Vita Martini (3) : Le cilice et la cendre

Devenu célèbre à la suite de la résurrection supposée d'un catéchumène, Martin est ordonné évêque de Tours le dimanche 4 juillet 371, contre son gré et "contre l'avis de certains assistants qui trouvent que ce moine a l'air trop misérable" (Encyclopaedia Universalis). Il ne renonce d'ailleurs pas au mode de vie monacal : il fonde en face de Tours, de l'autre côté de la Loire, le monastère de Marmoutier.
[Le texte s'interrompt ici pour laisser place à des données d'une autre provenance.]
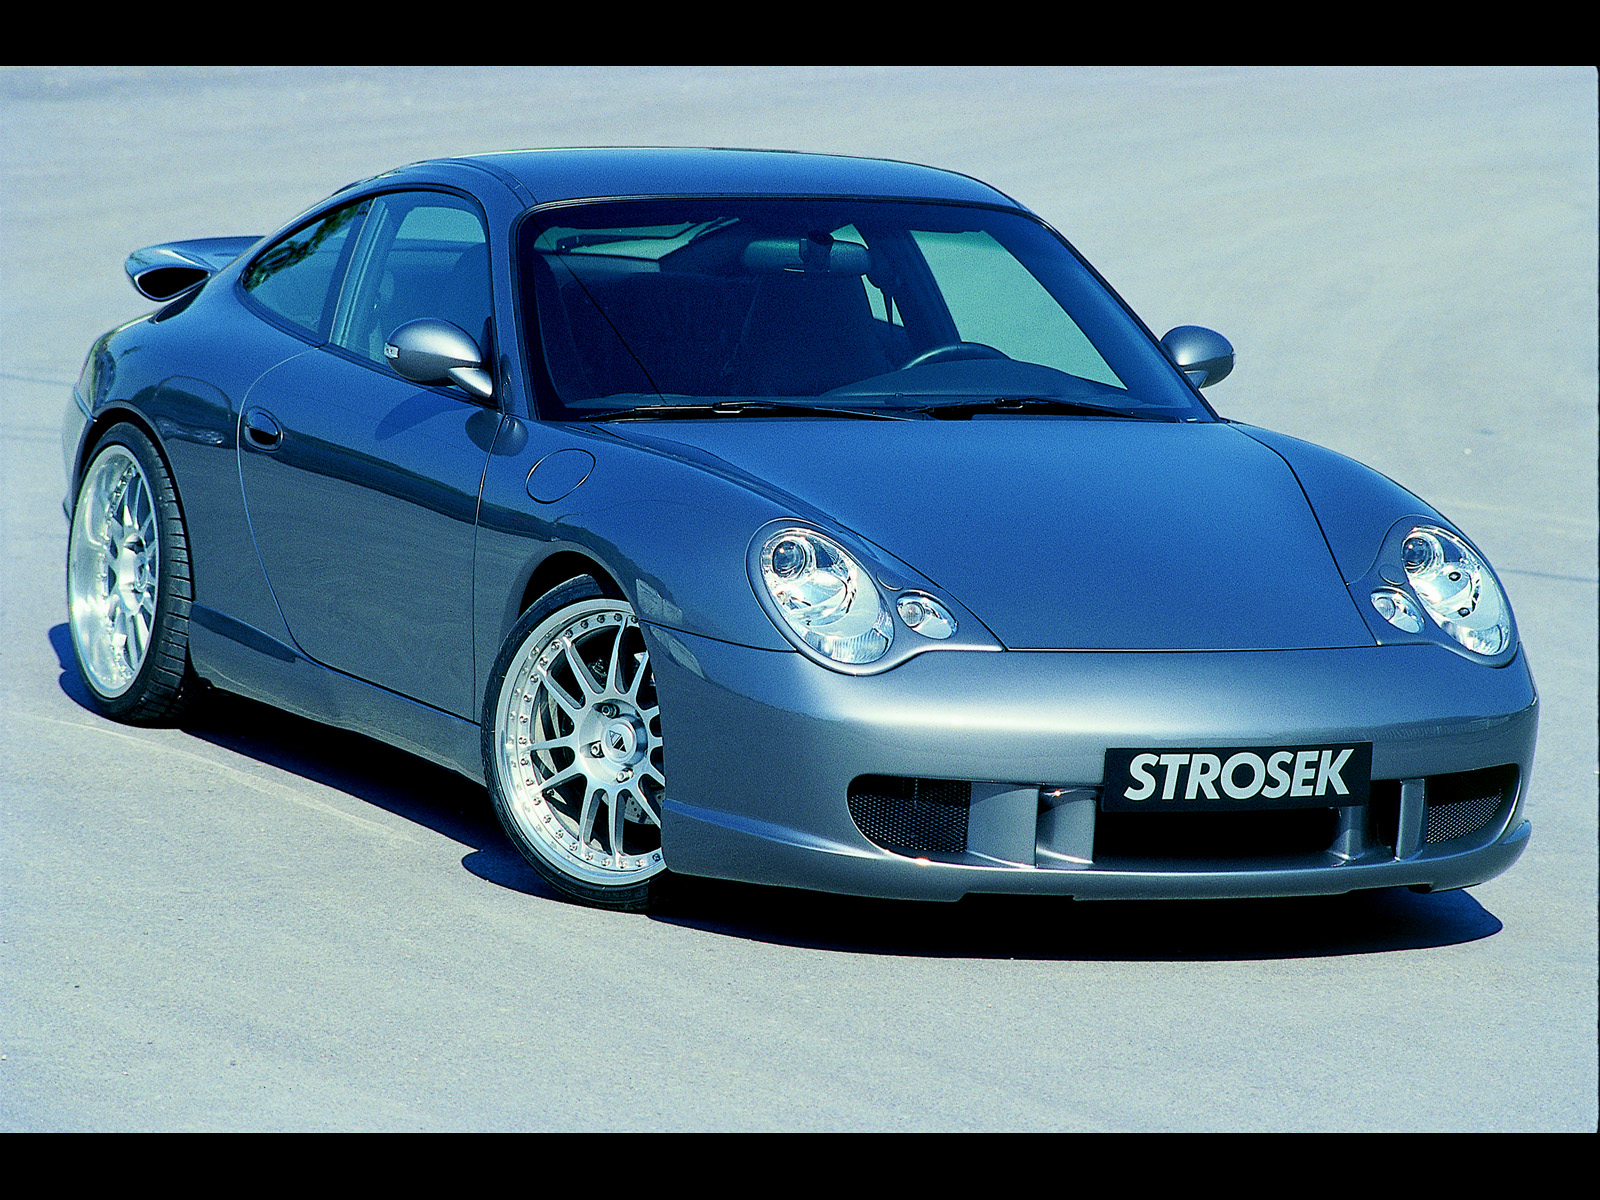 Strosek Porsche 996 911 Carrera Photos Photogallery With

Sur l'importance de la place de Saint-Martin de Tours, une  étude fort pointue d'Hélène Noizet nous apporte des éléments de réflexion tout à fait intéressants. Deux moments différents sont analysés : au IXe siècle tout d'abord, alors que l’Austrasie constitue le coeur de l’empire carolingien, avec  les établissements monastiques d’Andenne, Echternach, Nivelles ou Stavelot comme principaux points d’appui du  pouvoir. "À la périphérie immédiate de ce centre carolingien, se trouve Saint-Martin de Tours (...). À cette époque, Saint-Martin est une institution ecclésiastique incluse dans une Cité épiscopale (...). Dans cette région, Saint-Martin n’est pas le seul soutien du pouvoir: Saint-Denis forme un autre point fort du système politico-ecclésiastique carolingien. Les deux institutions sont souvent associées dans l’esprit du souverain et bénéficient de privilèges similaires, qu’il s’agisse d’immunité ou de possessions de biens."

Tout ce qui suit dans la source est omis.